We also visited the chapel near by where the statesman attended church and often read the service. His son-in-law, the present rector, showed us the memorial, since unveiled, which will draw multitudes to this historic edifice. It is a marble group by the sculptor Richmond and represents the great Commoner and his wife sleeping side by side, an angel guarding them with outstretched wings. It is fitting that they should thus rest at the end of life, for they had together borne life's burdens and together shared the many triumphs that crowned their efforts. While he was master of the ship of state, she was mistress of an ideal home; while he was seeking to ameliorate the condition of the whole people, she was conducting a private orphanage within a stone's throw of the castle, an institution still maintained in her memory. So happy was the long married life of this well-mated pair that at the approach of death he requested the family not to permit his interment in Westminster Abbey, except on condition that his wife be given a place beside him, and this unusual honor was paid them.

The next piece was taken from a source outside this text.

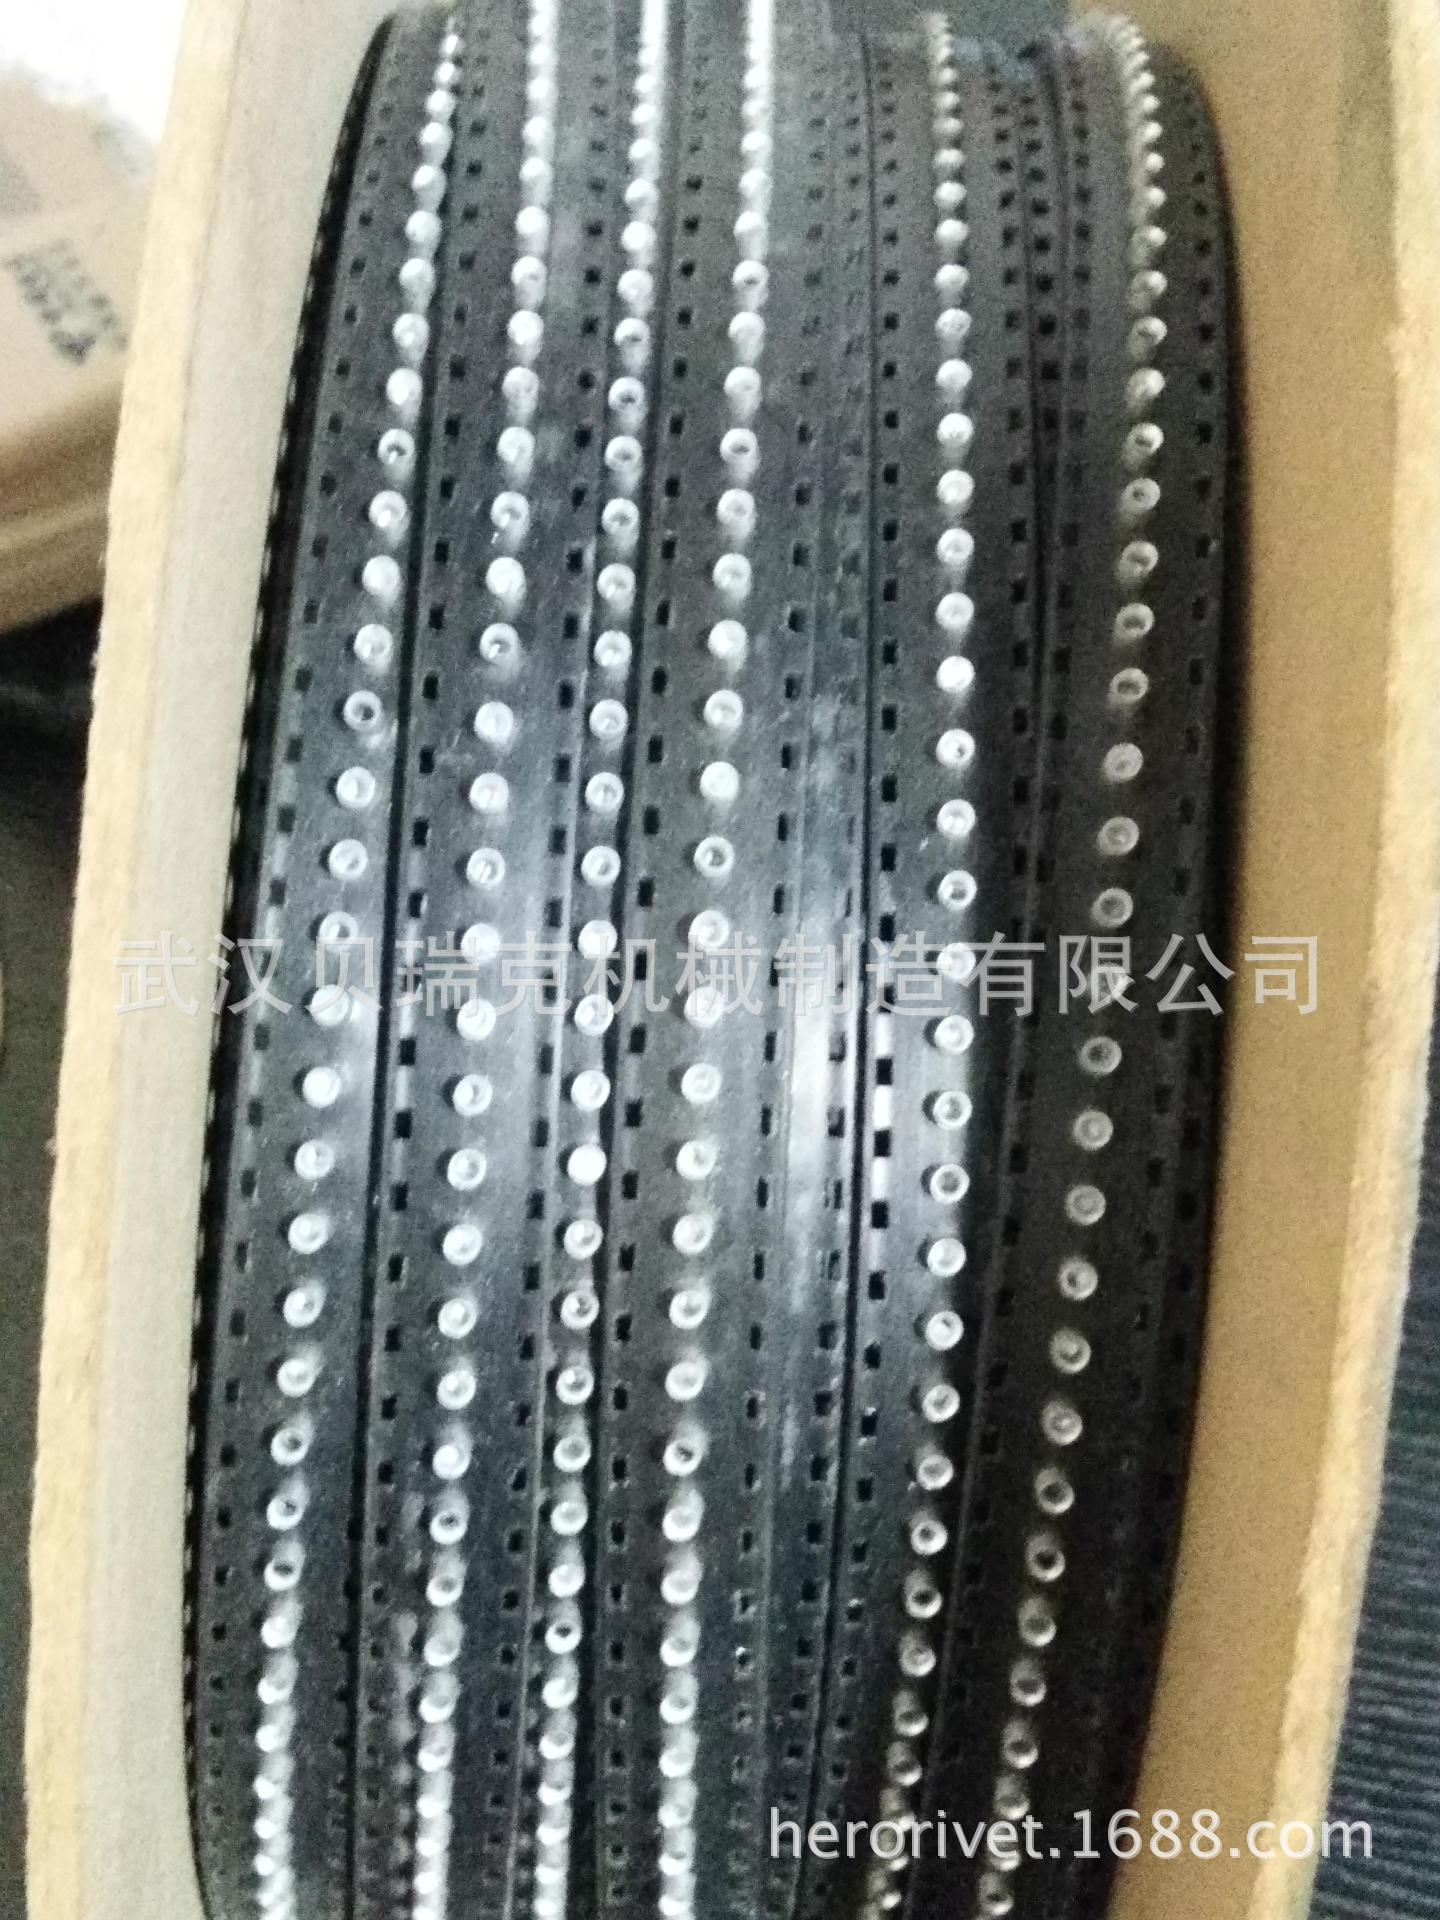 Wuhan Berry gramos de mano eléctrico desde una pistola de clavos, de mano de la prensa, la fascinante máquina.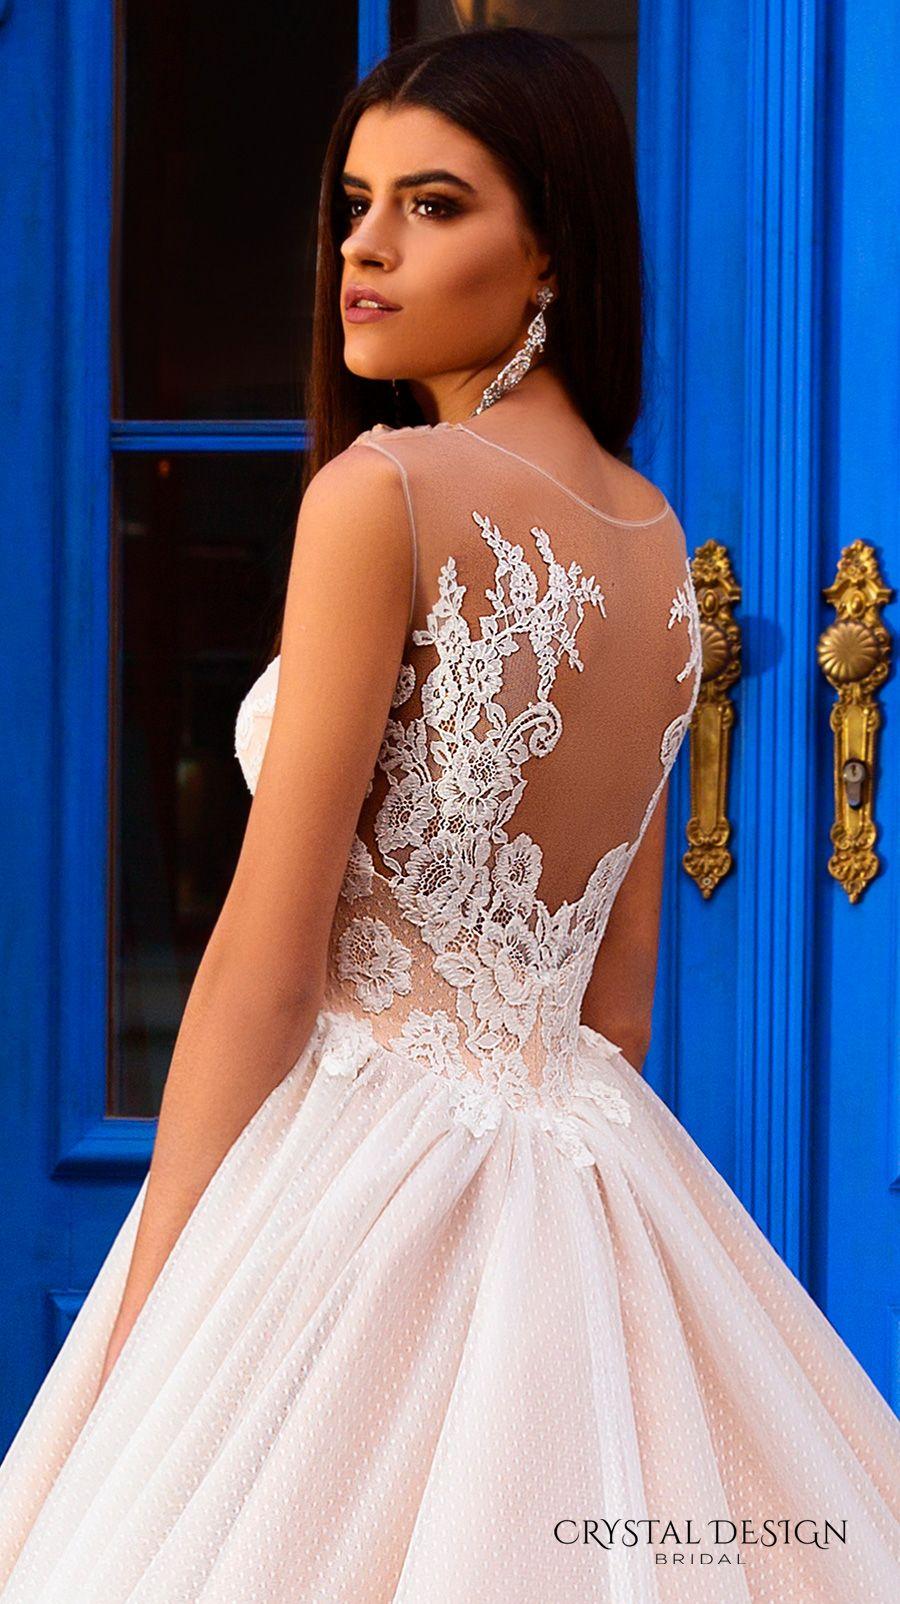 Elegant wedding dresses for mature brides  Crystal Design  Wedding Dresses  Wedding Gowns and Design

Although nations boast of material wealth and manufacturing plants, their most valuable assets are their men and women of merit, and their greatest factories are their institutions of learning, which convert priceless raw material into a finished product of inestimable worth. Gladstone, vigorous in body, strong in mind and elevated in moral purpose, was an ornament to the age in which he lived and will be an inspiration to succeeding generations.